Using Emerging Science to Tackle Emerging Disease

A new course in bioinformatics teaches students with real-world data for training in an emerging scientific discipline

A computer-generated illustration of a coronavirus microbe

(Getty Images)

As we’ve all gotten very familiar with living our lives virtually, a new course lets students learn more about the epidemiology of infectious diseases like COVID-19 without ever stepping foot in a lab.

Dong-Hun Lee, assistant professor of pathobiology and veterinary science in the College of Agriculture, Health and Natural Resources, has created a course on bioinformatics in molecular epidemiology of infectious diseases that gives students practical skills in the use of bioinformatics technologies for infectious disease epidemiology. The course provides hands-on training in scientific computing and data analysis, so the students understand the enormous potential of bioinformatics and genomics in molecular epidemiology of infectious diseases.

Bioinformatics is a relatively new discipline that combines mathematics, data science, and biology to helps answer biological questions. It involves the development of software tools and algorithms to analyze and interpret biological data.

Two asian men seated looking at computer screens
Dong-Hun Lee assistant professor of pathobiology in the College of Agriculture, Health and Natural Resources with graduate student Junwon (Scott) Kim. (CAHNR photo)

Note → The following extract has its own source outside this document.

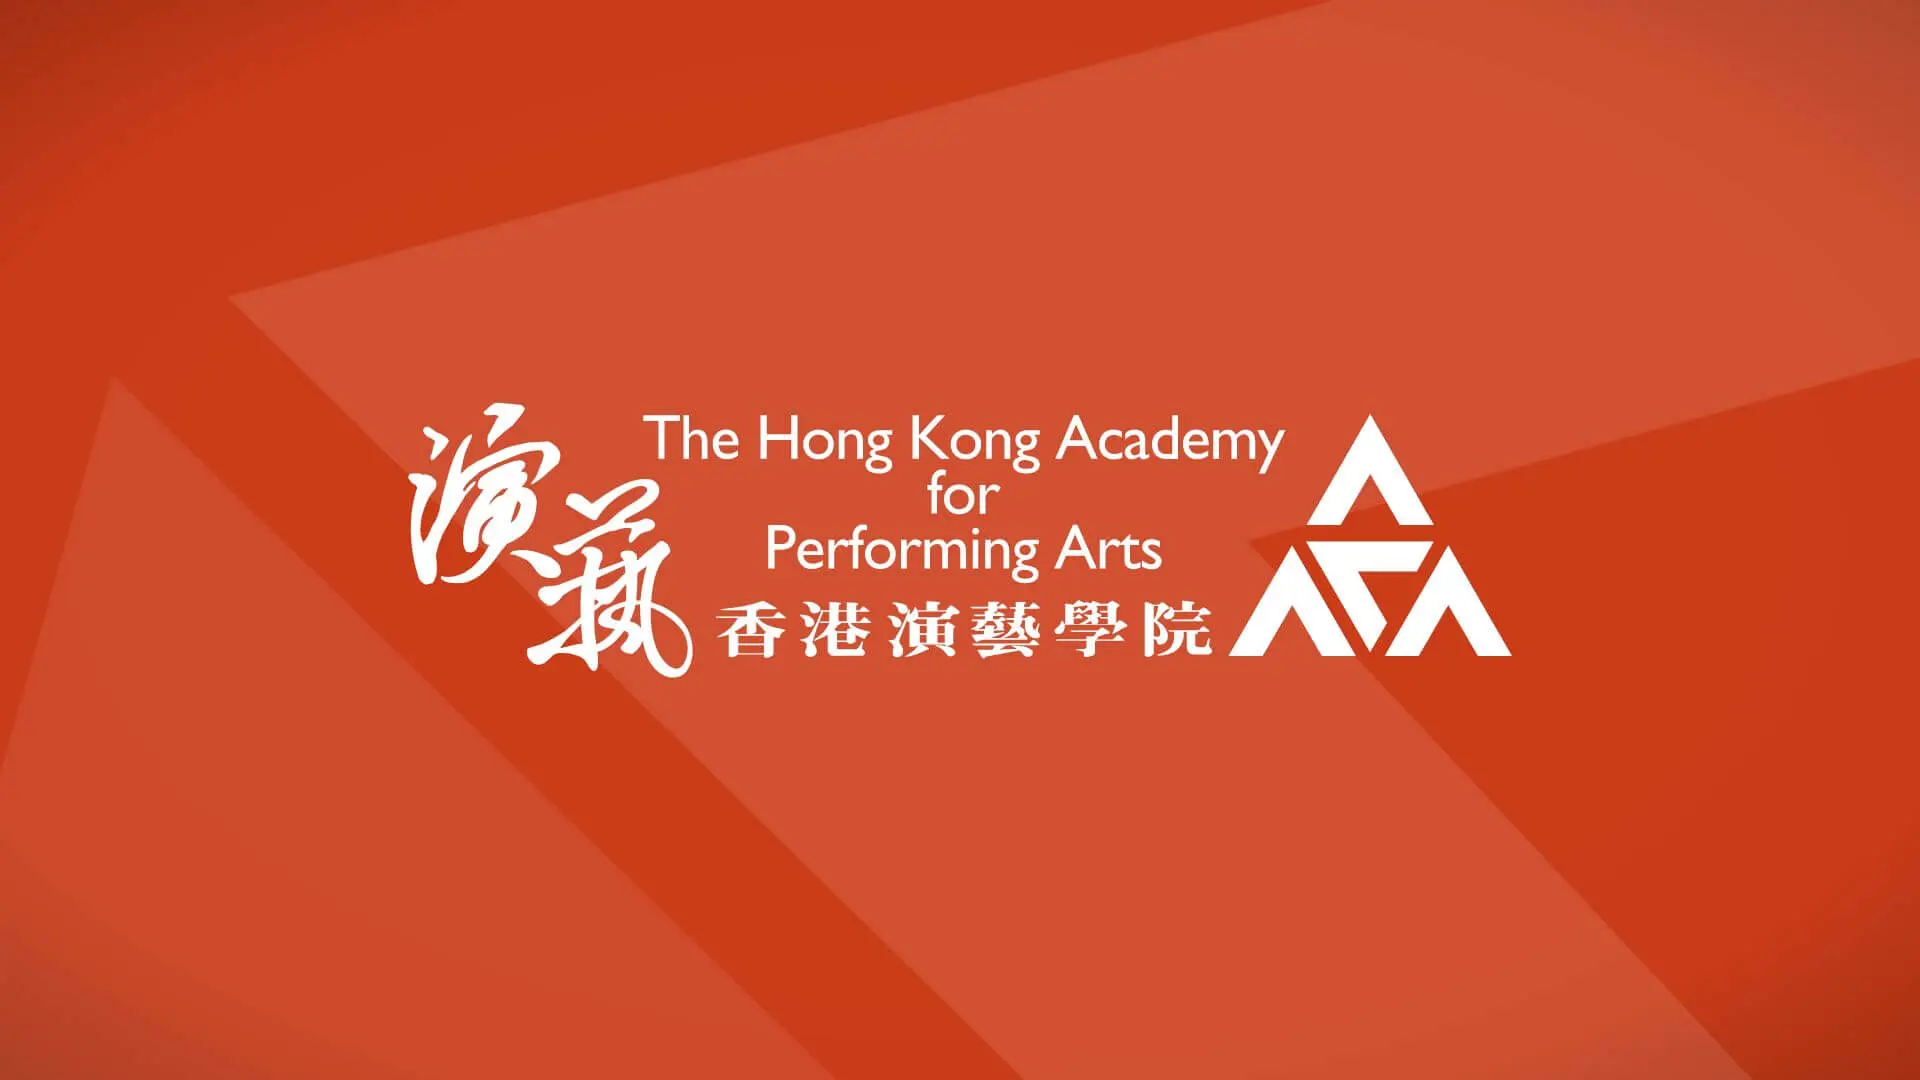 Academy Master of Music Graduation Recital - Trombone: Terence Lo

“Bioinformatics, a computational biology approach, is central to biological research,” Lee says. “Because of a shortage of skilled biologists, both industry and public health sectors have been hard-pressed for trained graduates in computational biology, and as the field of biological and biomedical sciences has become increasingly data intensive, scientists must use a variety of computational tools to analyze, interpret, store, and share large amounts of biological data.”

Students will learn sequence analysis, database, alignment, phylogenetic analysis, and visualization. This will allow them to trace the development of infectious diseases, track mutations, and understand viral transmission. The course would be of interest to students from various majors from across UConn.

In a year where the country has been dealing with the COVID pandemic, advanced training for future infectious disease experts seems even more imperative. Lee drives home the relevance of the skills by emerging students in real data from infectious diseases that have disrupted society in recent years.

“I use real-world infectious diseases datasets, including COVID-19 and pandemic H1N1/2009 influenza virus, to teach students how to analyze the data for tracking their origin, evolution, and transmission,” Lee says.

Lee collected old hardware components from the UConn surplus and assembled them into more than twenty machines for basic bioinformatics analyses, cloud computing to supercomputer servers, and general bioinformatics teaching purposes. One of his goals is to teach students basic knowledge on computer assembly and configuration, open-source operating system installation, and software requirement for bioinformatics applications.

Lee points out that many of these innovative tools are filling gaps in knowledge. Traditional scientific publishing practices cannot handle rapid dissemination of data. This website provides real-time snapshots of a pathogen and is available to everyone from virologists and epidemiologists to public health officials. One such tool is Nextstrain, an online open-source project that uses genome data to monitor the evolution of viruses. This website provides real-time snapshots of a pathogen and is available to everyone from virologists and epidemiologists to public health officials. Nextstrain has been involved in following the COVID pandemic, tracking thousands of COVID-19 genomes to trace the outbreak and detect new mutations.

“This technology is transforming how laboratories diagnose and further characterize pathogens,” he explains. “Interdisciplinary combinations of genome sequencing, bioinformatics, and molecular epidemiology provide a platform to rapidly identify unknown or unexpected pathogens, identify the origins of an outbreak, and track spatiotemporal patterns of disease transmission. Much of this information would either remain unknown or take a very long time to reveal using traditional microbiology and epidemiology.”

During the pandemic when many classes went remote, Lee developed step-by-step demonstrations with screen captures to familiarize students with the technology. Students are able to use their laptops to analyze small genome sequencing data using bioinformatics tools such as the Galaxy platform, an online open-source scientific analysis platform that is used by tens of thousands of scientists across the world to analyze large genome datasets.

“Molecular epidemiology of infectious disease is still an emerging field,” he continues. “The goal of this course is to provide students with practical computational biology skills useful in infectious disease research to enable future biologists without specialized bioinformatics expertise to assemble and analyze viral genomes from sequencing data.”